WORK TASK:
Beginning with the line containing "BALETONGNIAN Baby Boys", write out each line exactly through the end of the listing, and skip all pictures.

(COLLECTED DATA Opens)

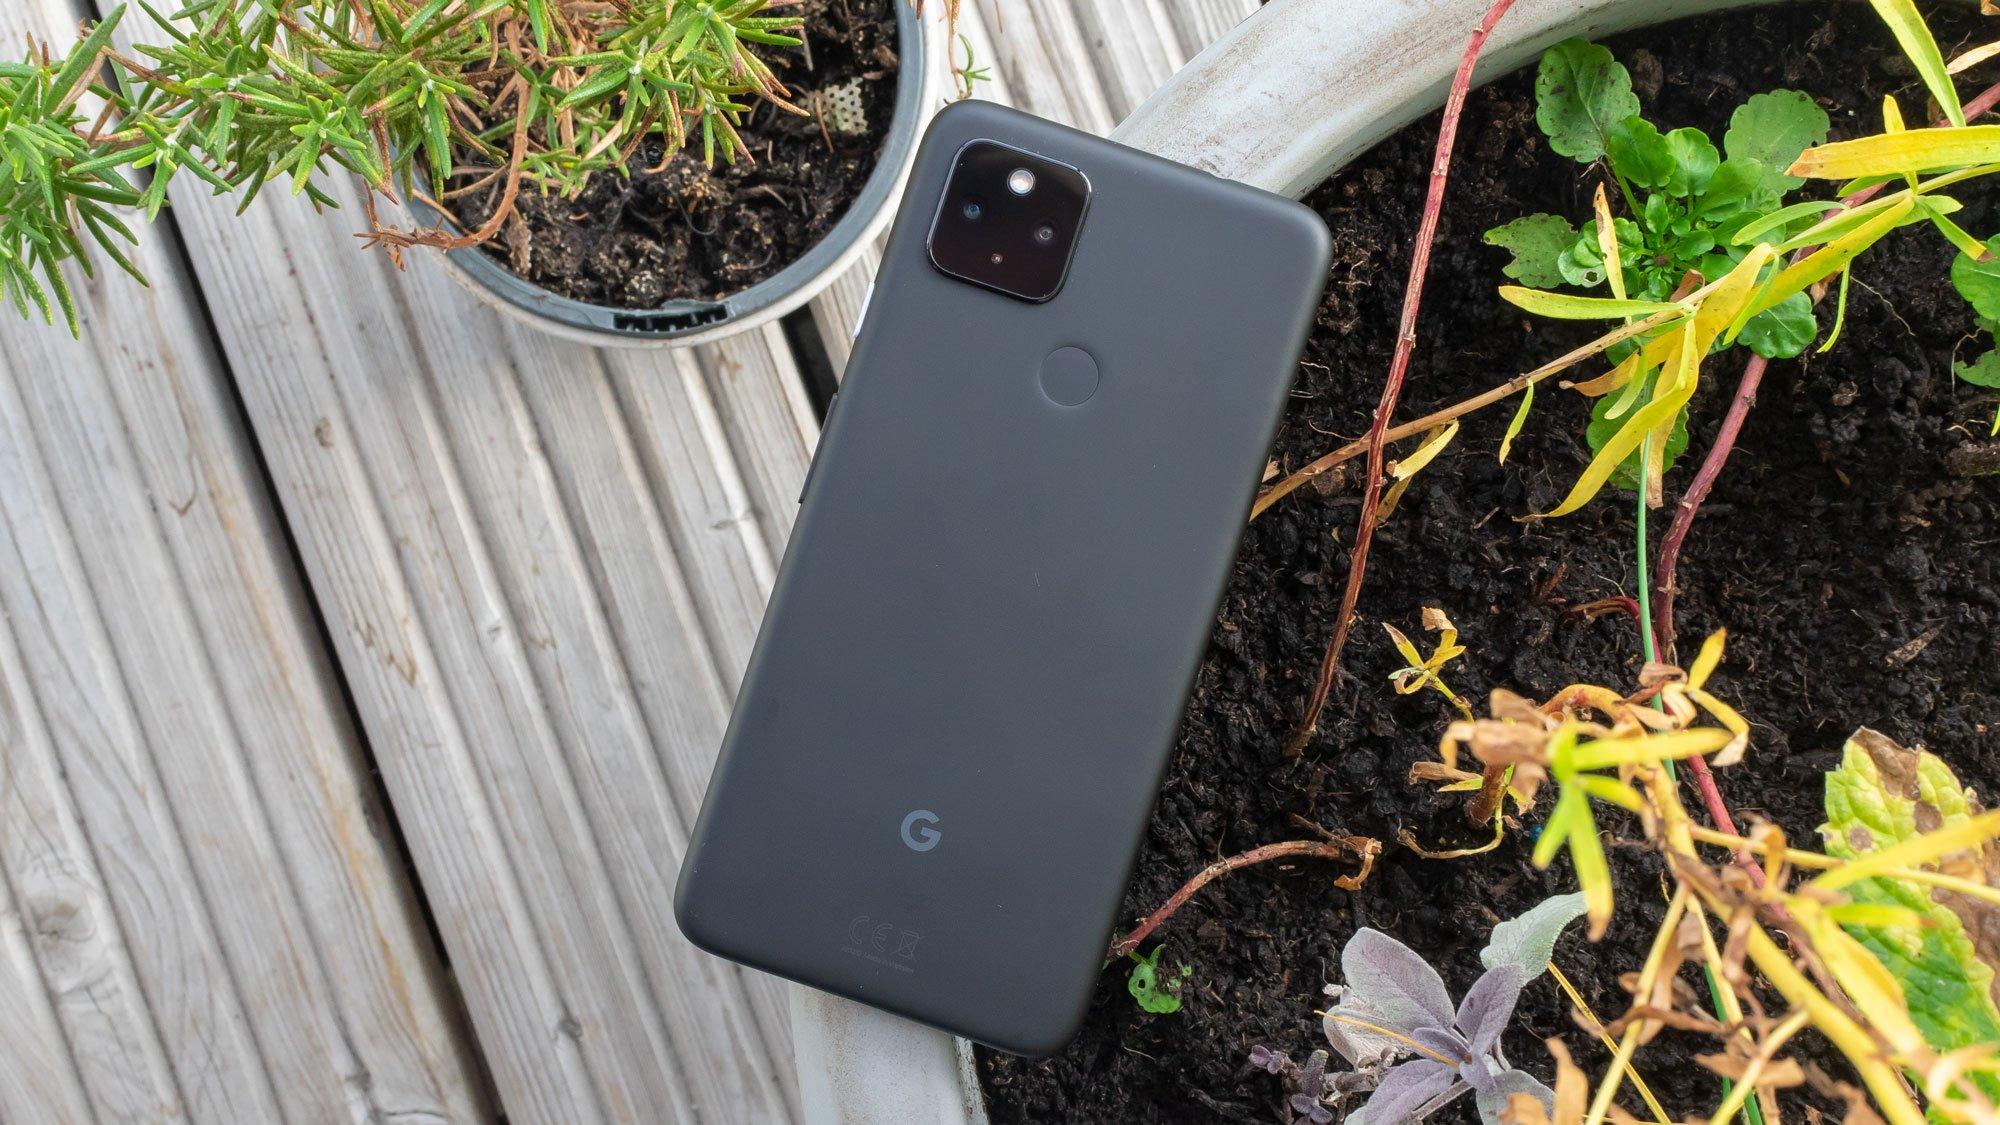 https://www.expertreviews.co.uk/google/1412598/google-pixel-4a-5g-review
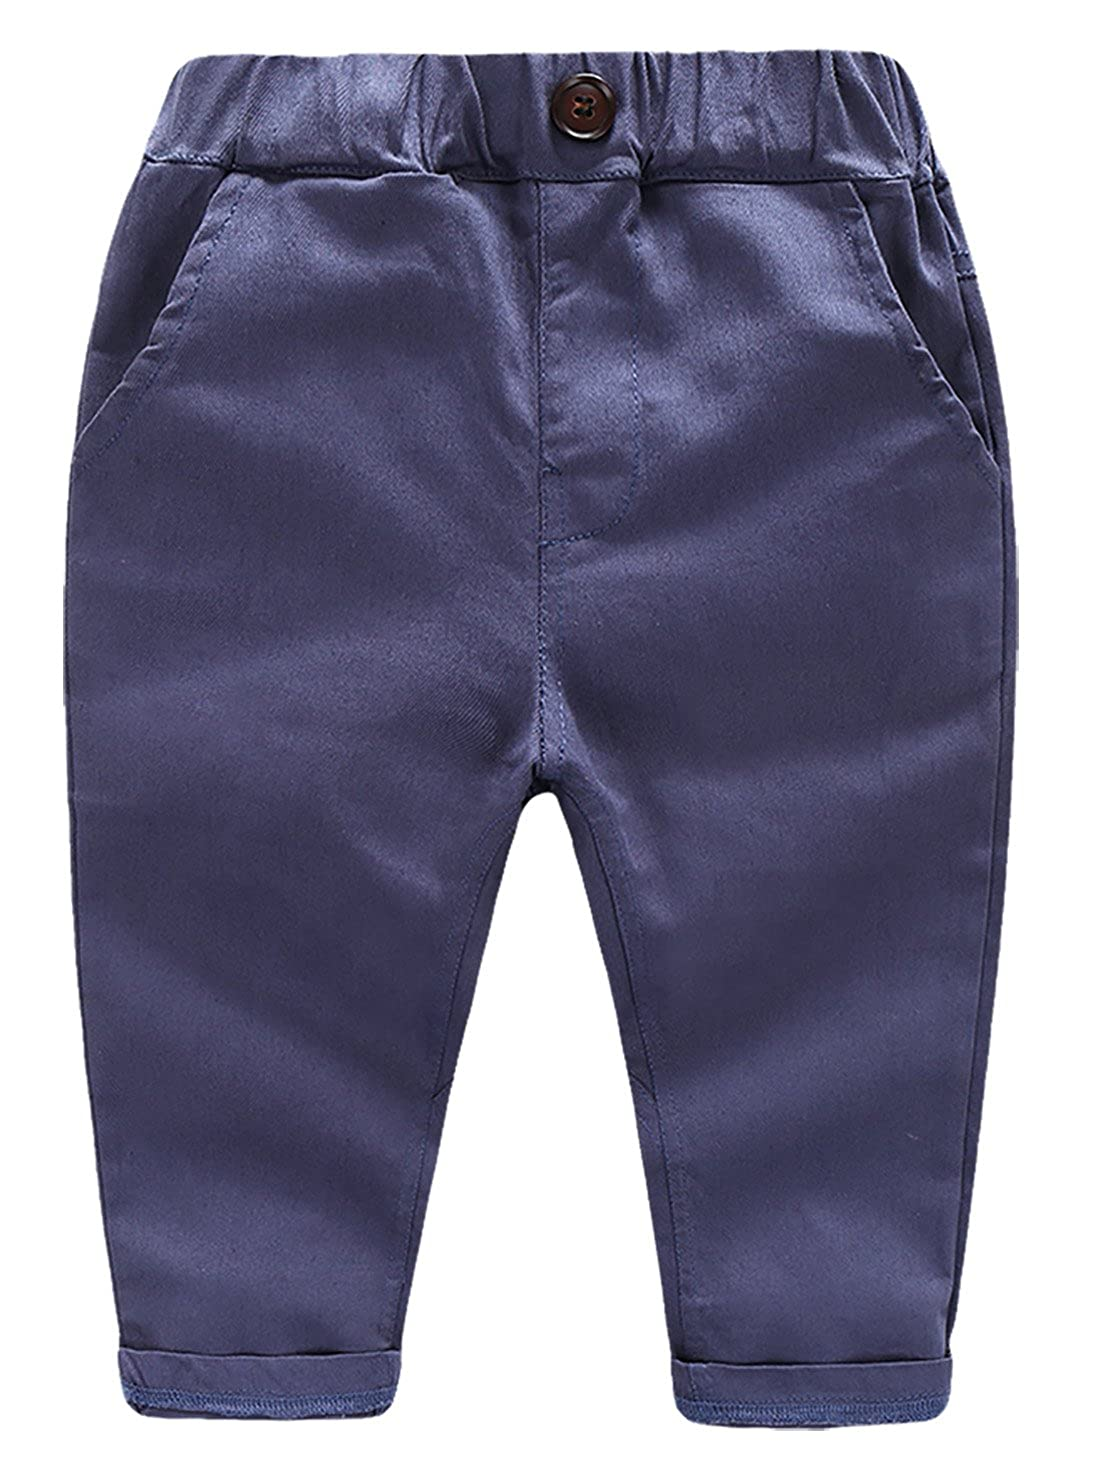 BALETONGNIAN Baby Boys Chino Pants Toddler Kids Pants Cotton Joggers Pull On Pants 2Y 6Y
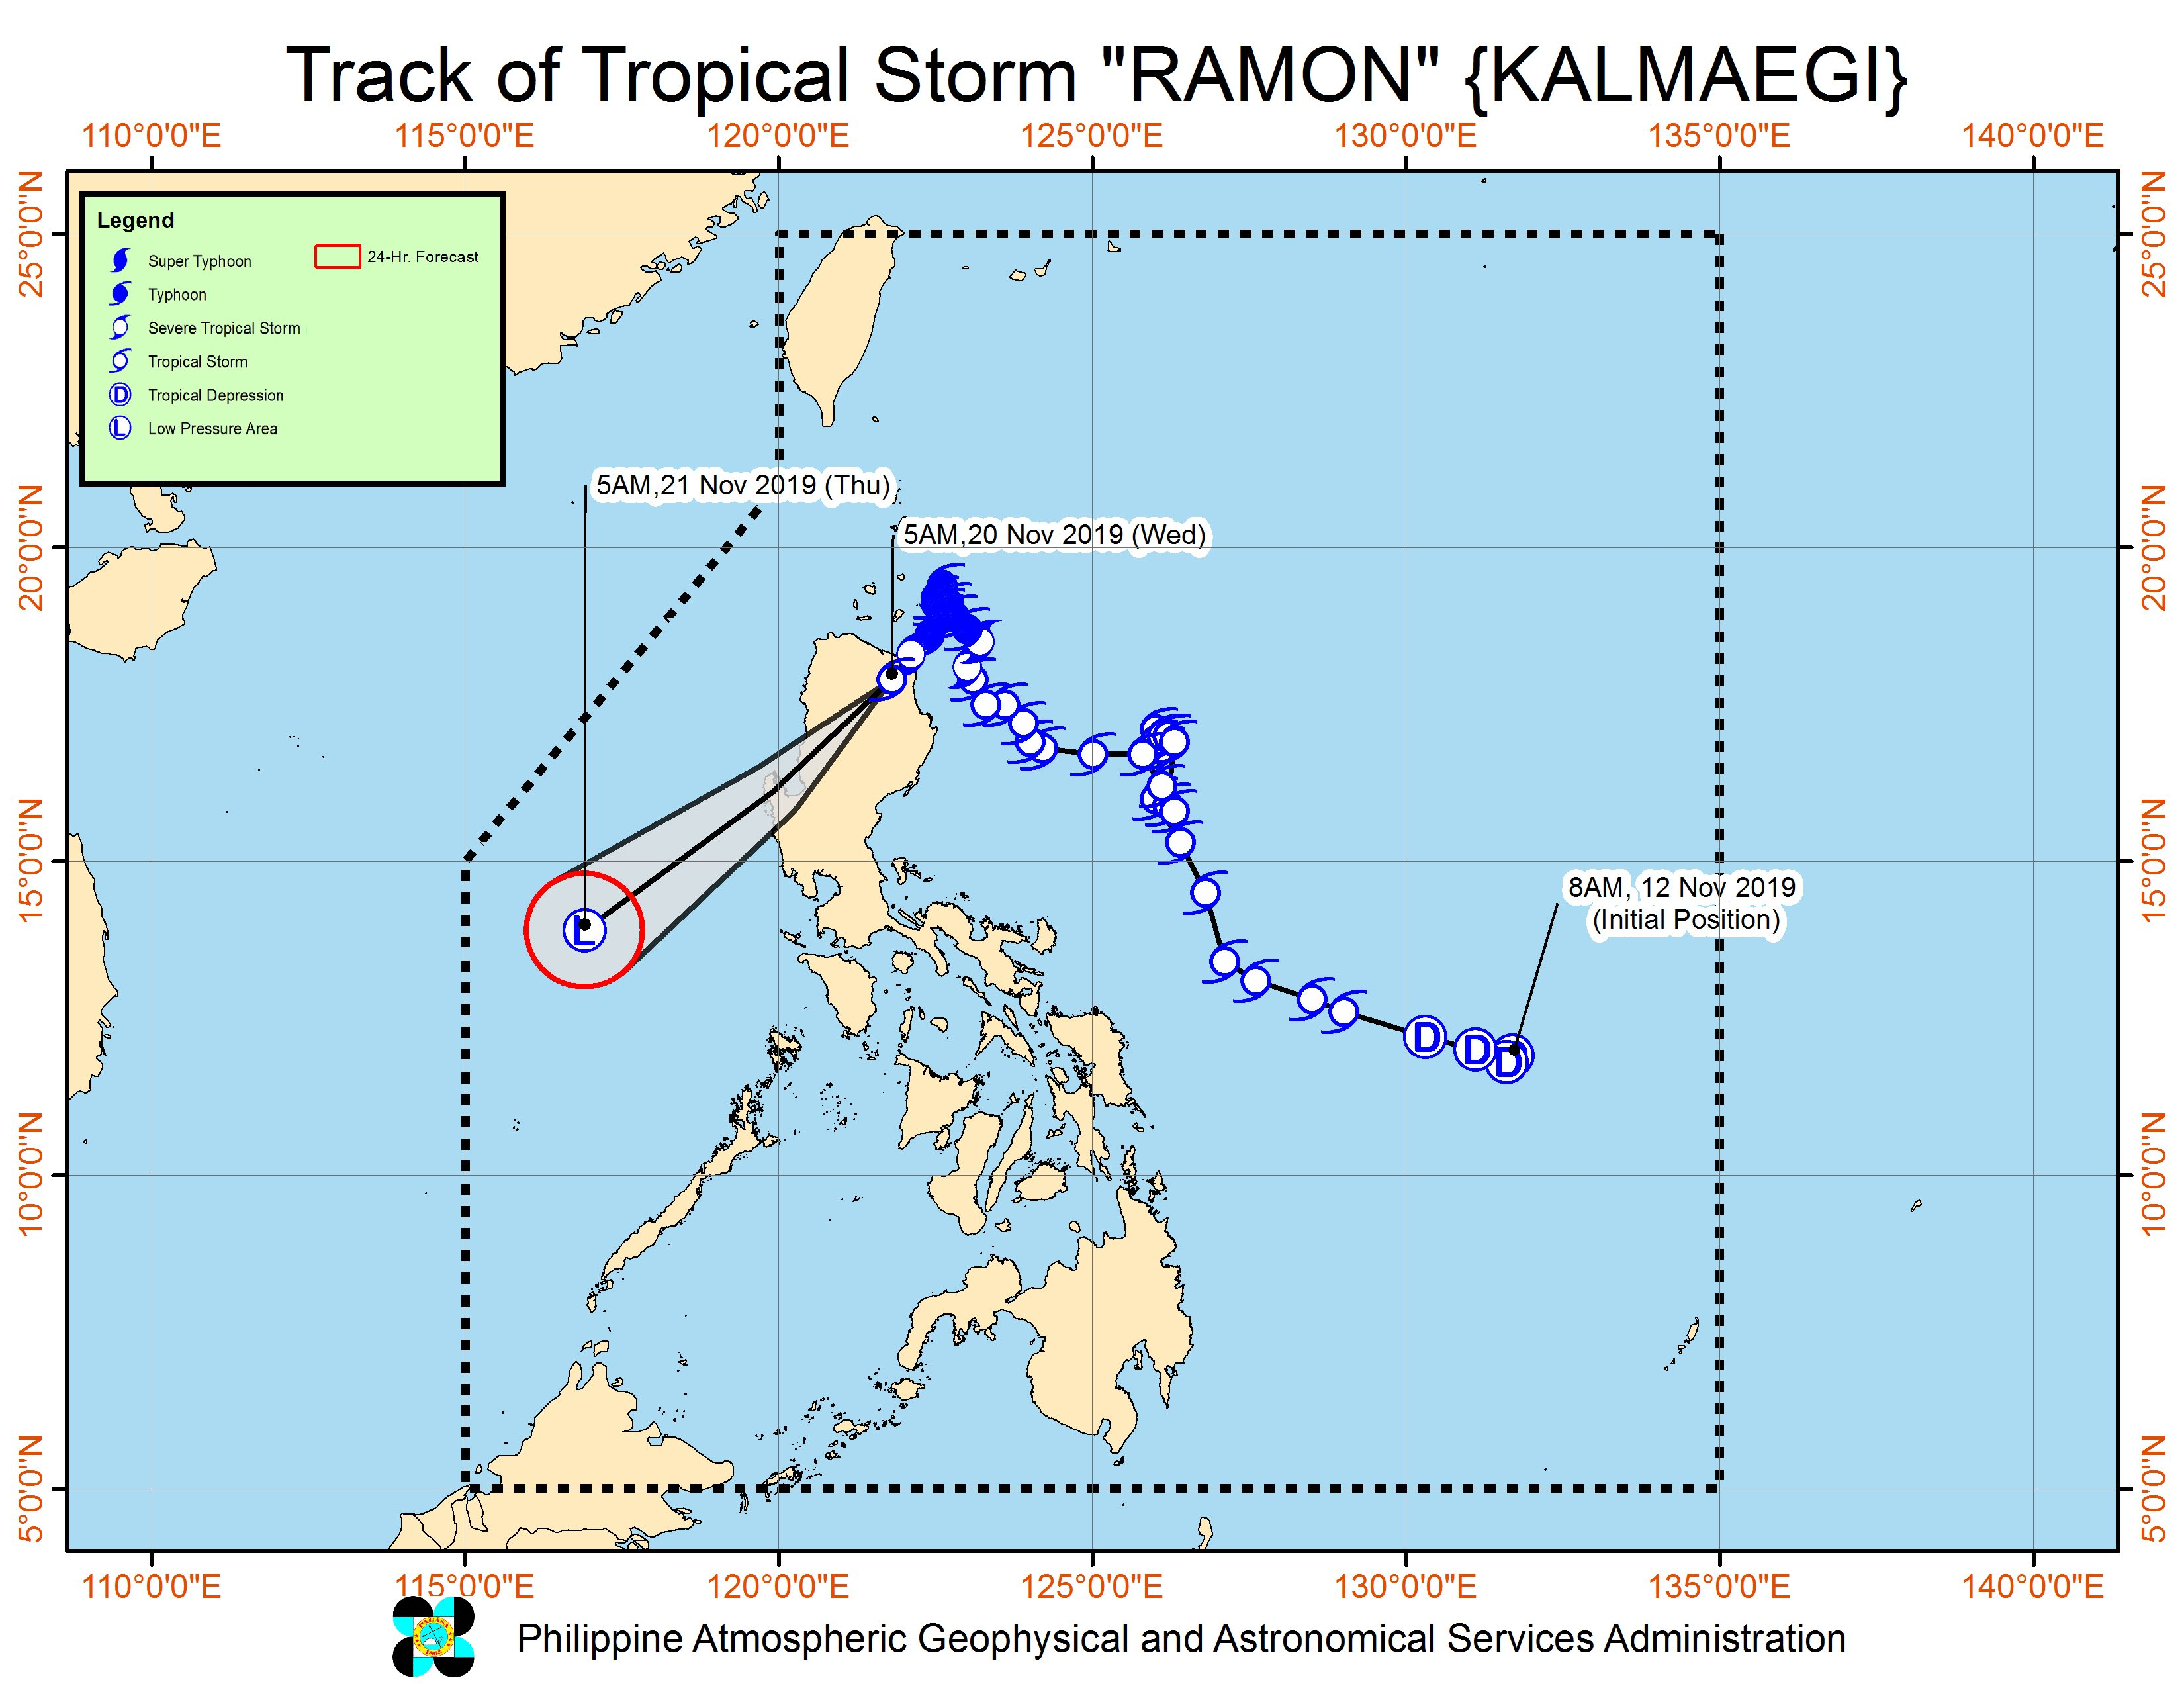 Forecast track of Tropical Storm Ramon (Kalmaegi) as of November 20, 2019, 8 am. Image from PAGASA

(COLLECTED DATA Closes)

YOUR SOLUTION:
 BALETONGNIAN Baby Boys Chino Pants Toddler Kids Pants Cotton Joggers Pull On Pants 2Y 6Y
 Forecast track of Tropical Storm Ramon (Kalmaegi) as of November 20, 2019, 8 am. Image from PAGASA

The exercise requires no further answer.